1

I would like to merge two data frames based upon both a time period, and lat lon coordinates.

I originally performed an outer product to construct distances between the two data-frames using a window function. However this created an enormous data explosion, and shut down my cluster whenever I tried to run it (I can include this code if requested). In response, I decided to perform a sequence of inner joins in order to avoid this outer product. Put simply, I joined on the absolute value of the difference being equal to some specific value until the remaining un-matched coordinates could be merged using the naive window approach.

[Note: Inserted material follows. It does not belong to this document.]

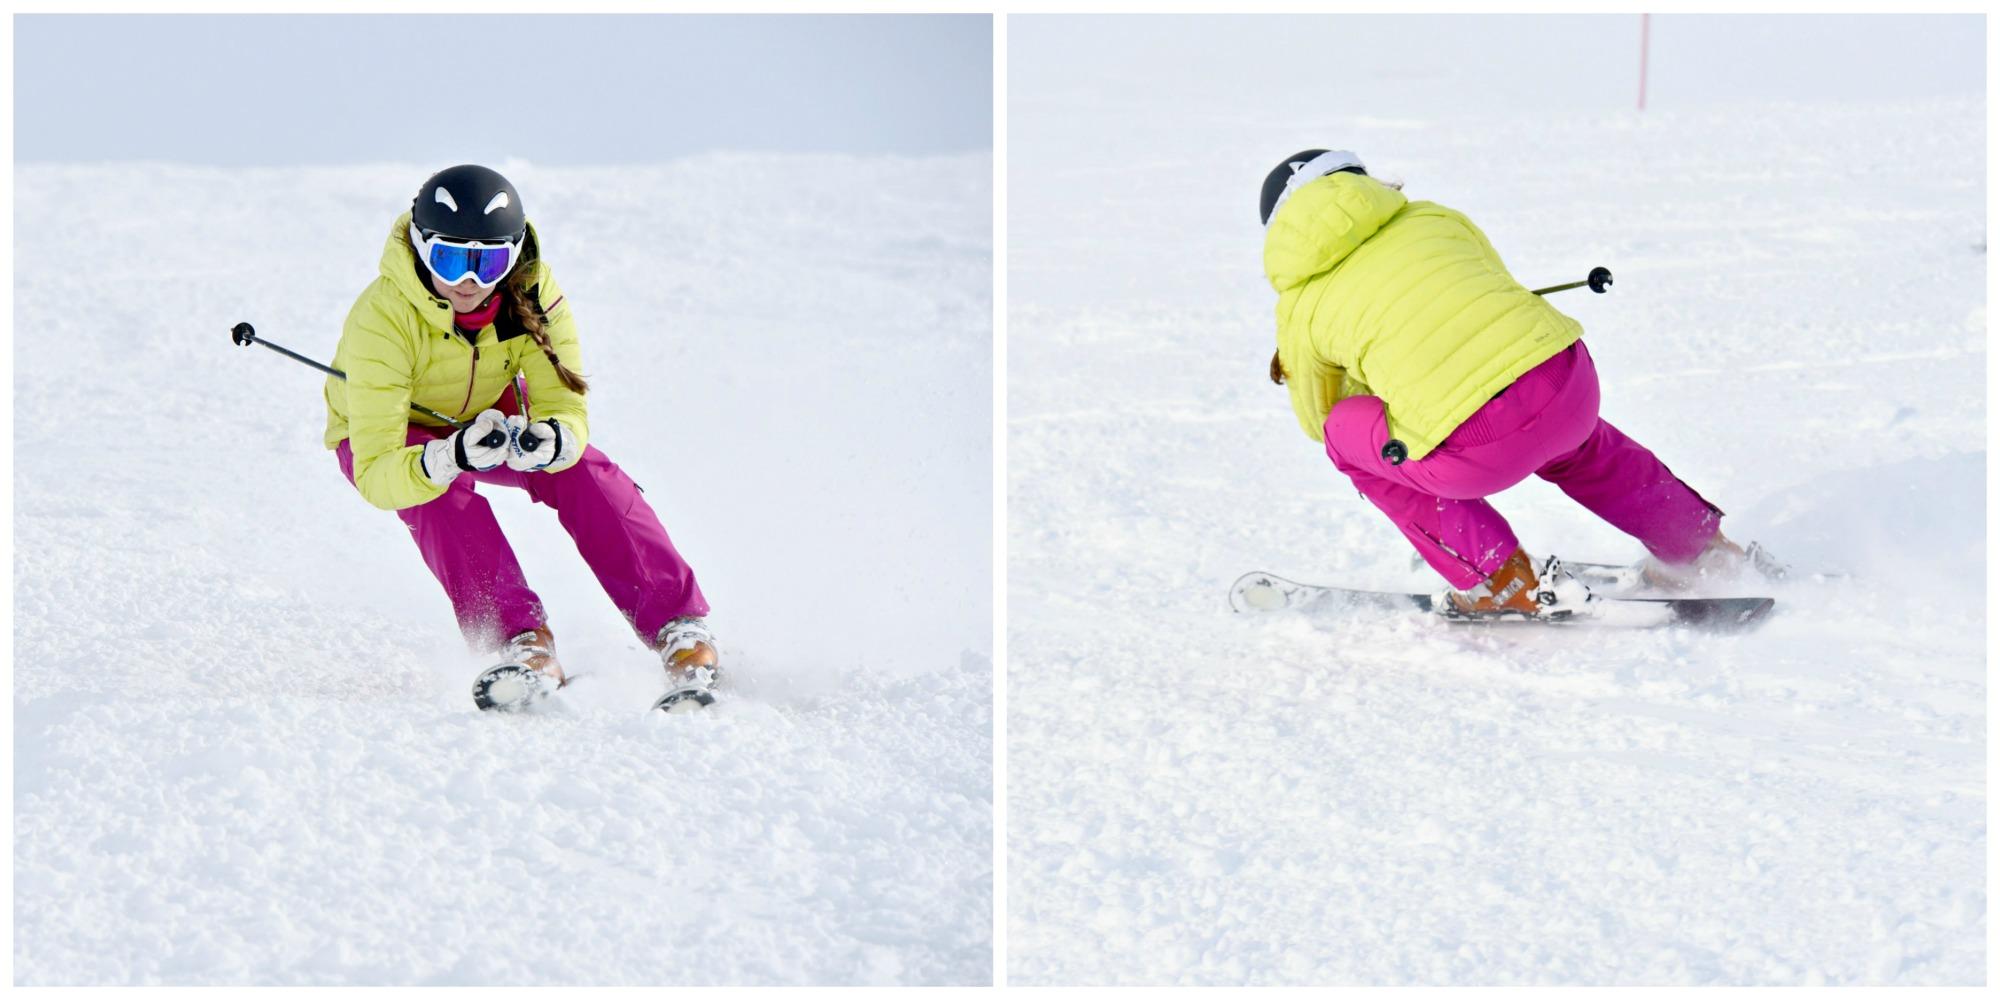 Fitnessblog-kästle-ski-klara-fuchs-österreich-blogger-sport-winter26-collage

I have looked around but not found any Pyspark code in the stack that has explicitly dealt with this problem so any help is appreciated.

# starting with exact
conditions = [df1.lon1 == df2.lon2,
                  df1.lat1 == df2.lat2,
                  df2.start <= df1.time,
                  df2.end >= df1.time]
current_df_hit = df1.join(df2, conditions, 'inner')

....
# then 1 off 
conditions = [F.abs(df1.lon1 - df2.lon2) == 1,
                  df1.lat1 == df2.lat2,
                  df2.start <= df1.time,
                  df2.end >= df1.time]
current_df_hit = df1.join(df2, conditions, 'inner')
...
conditions = [df1.lon1 == df2.lon2,
              F.abs(df1.lat1 - df2.lat2==1,
                  df2.start <= df1.time,
                  df2.end >= df1.time]
current_df_hit = df1.join(df2, conditions, 'inner')
...
# then both ect.
conditions = [F.abs(df1.lon1 - df2.lon2) == 1,
              F.abs(df1.lat1 - df2.lat2==1,
                  df2.start <= df1.time,
                  df2.end >= df1.time]
current_df_hit = df1.join(df2, conditions, 'inner')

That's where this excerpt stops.